# What the task requires:
Give back, unaltered, the lines from the one with "Lego Avengers compound" to the end of the material, omitting pictures.

# Data shown:
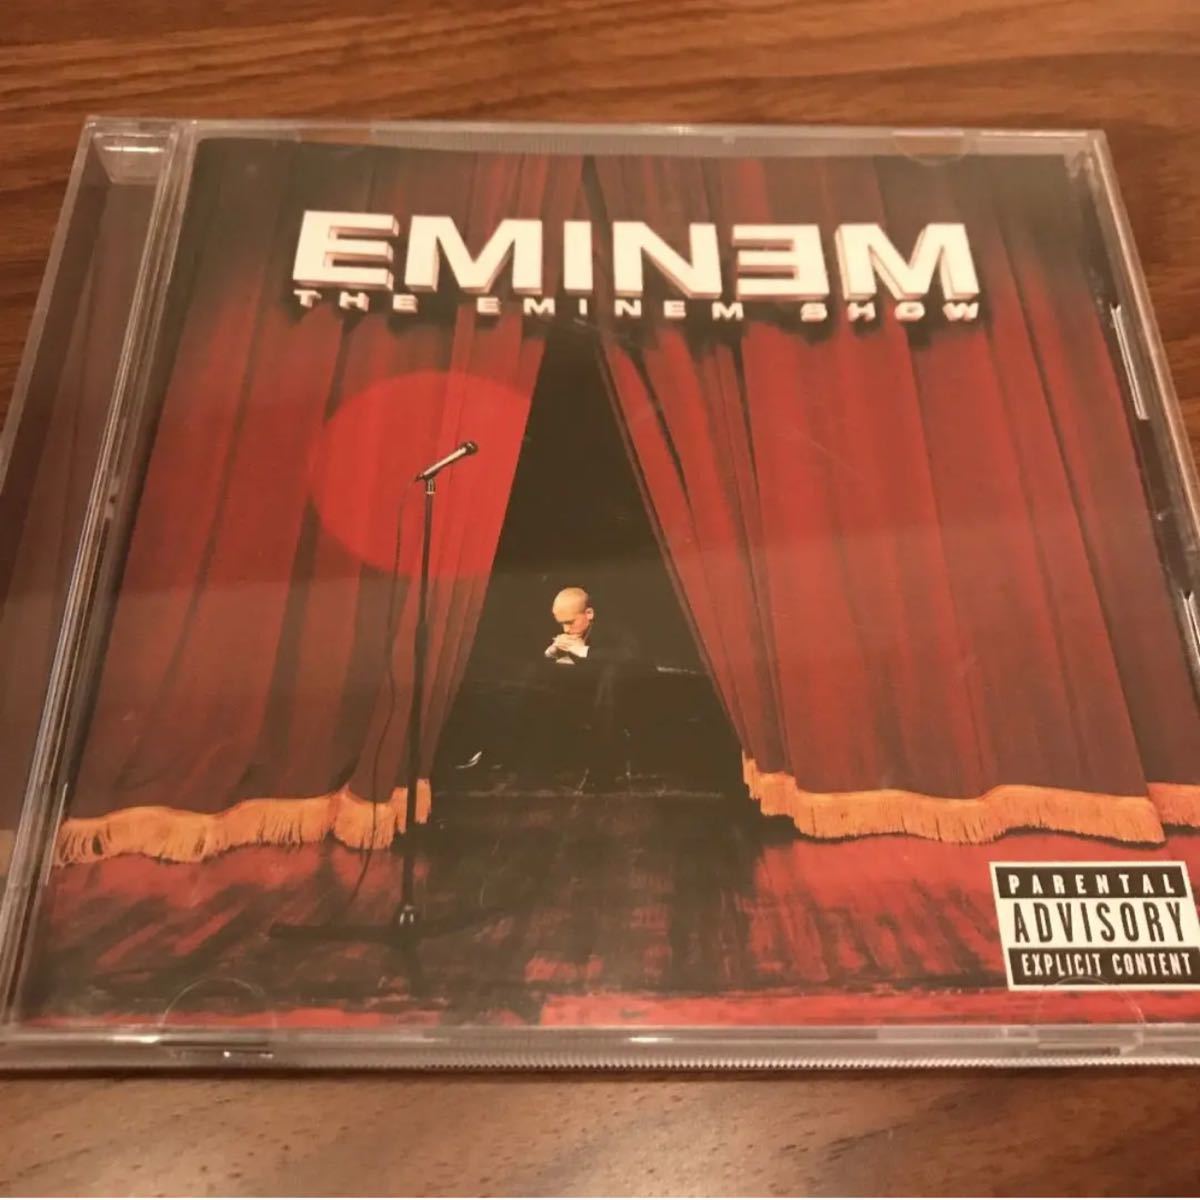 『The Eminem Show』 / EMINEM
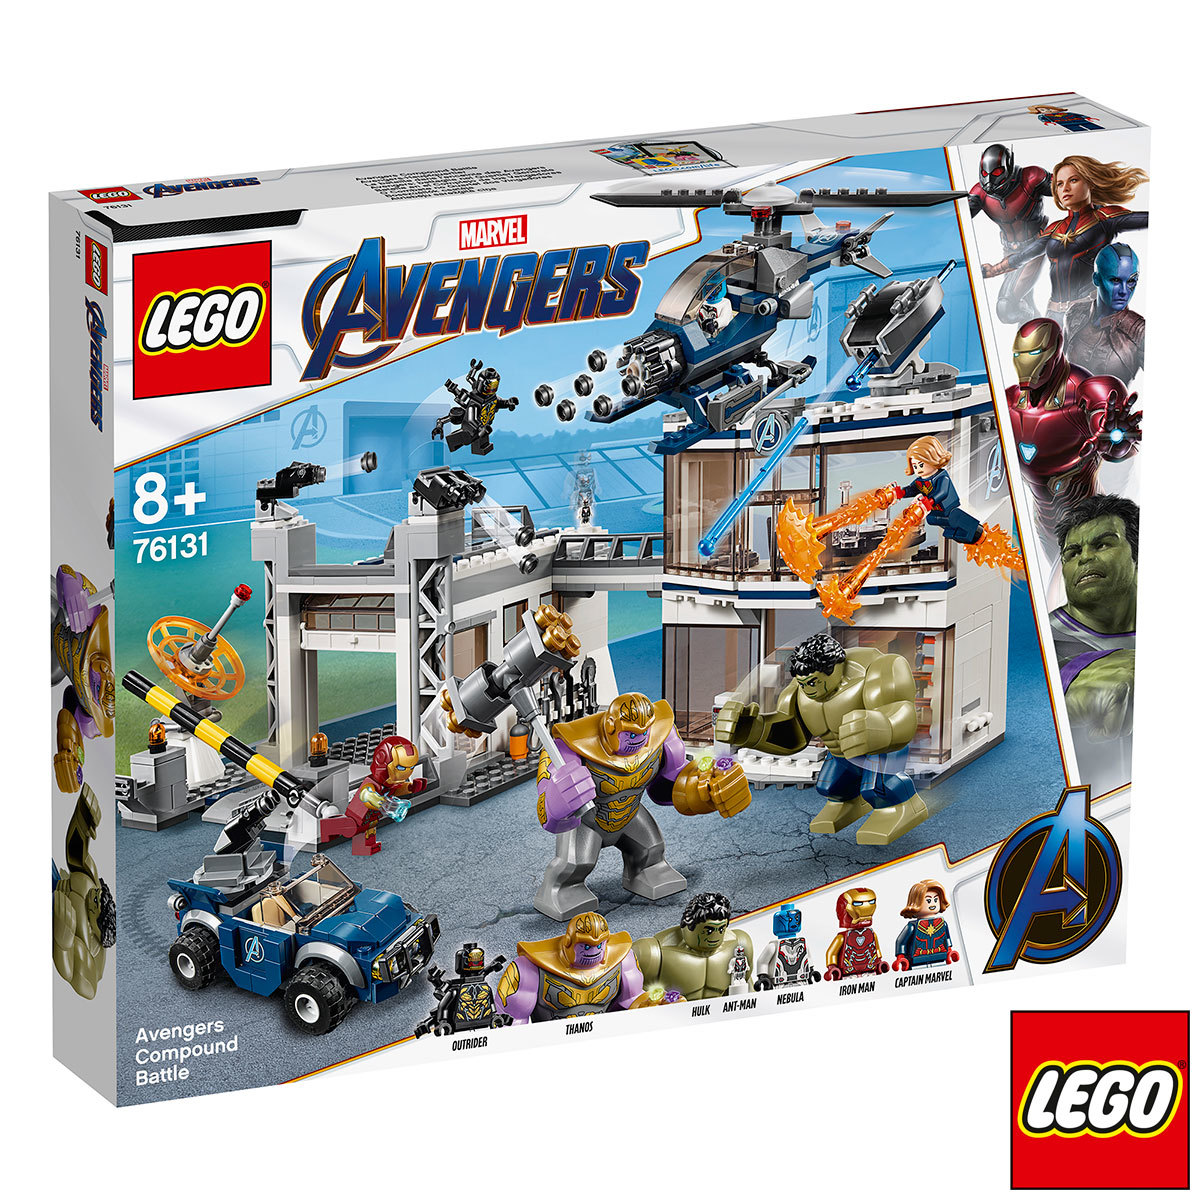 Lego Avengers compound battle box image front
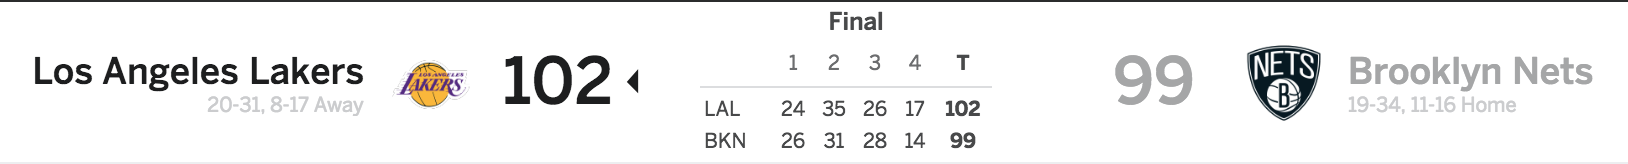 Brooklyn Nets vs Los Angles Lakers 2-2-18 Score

# Task result:
 Lego Avengers compound battle box image front
 Brooklyn Nets vs Los Angles Lakers 2-2-18 Score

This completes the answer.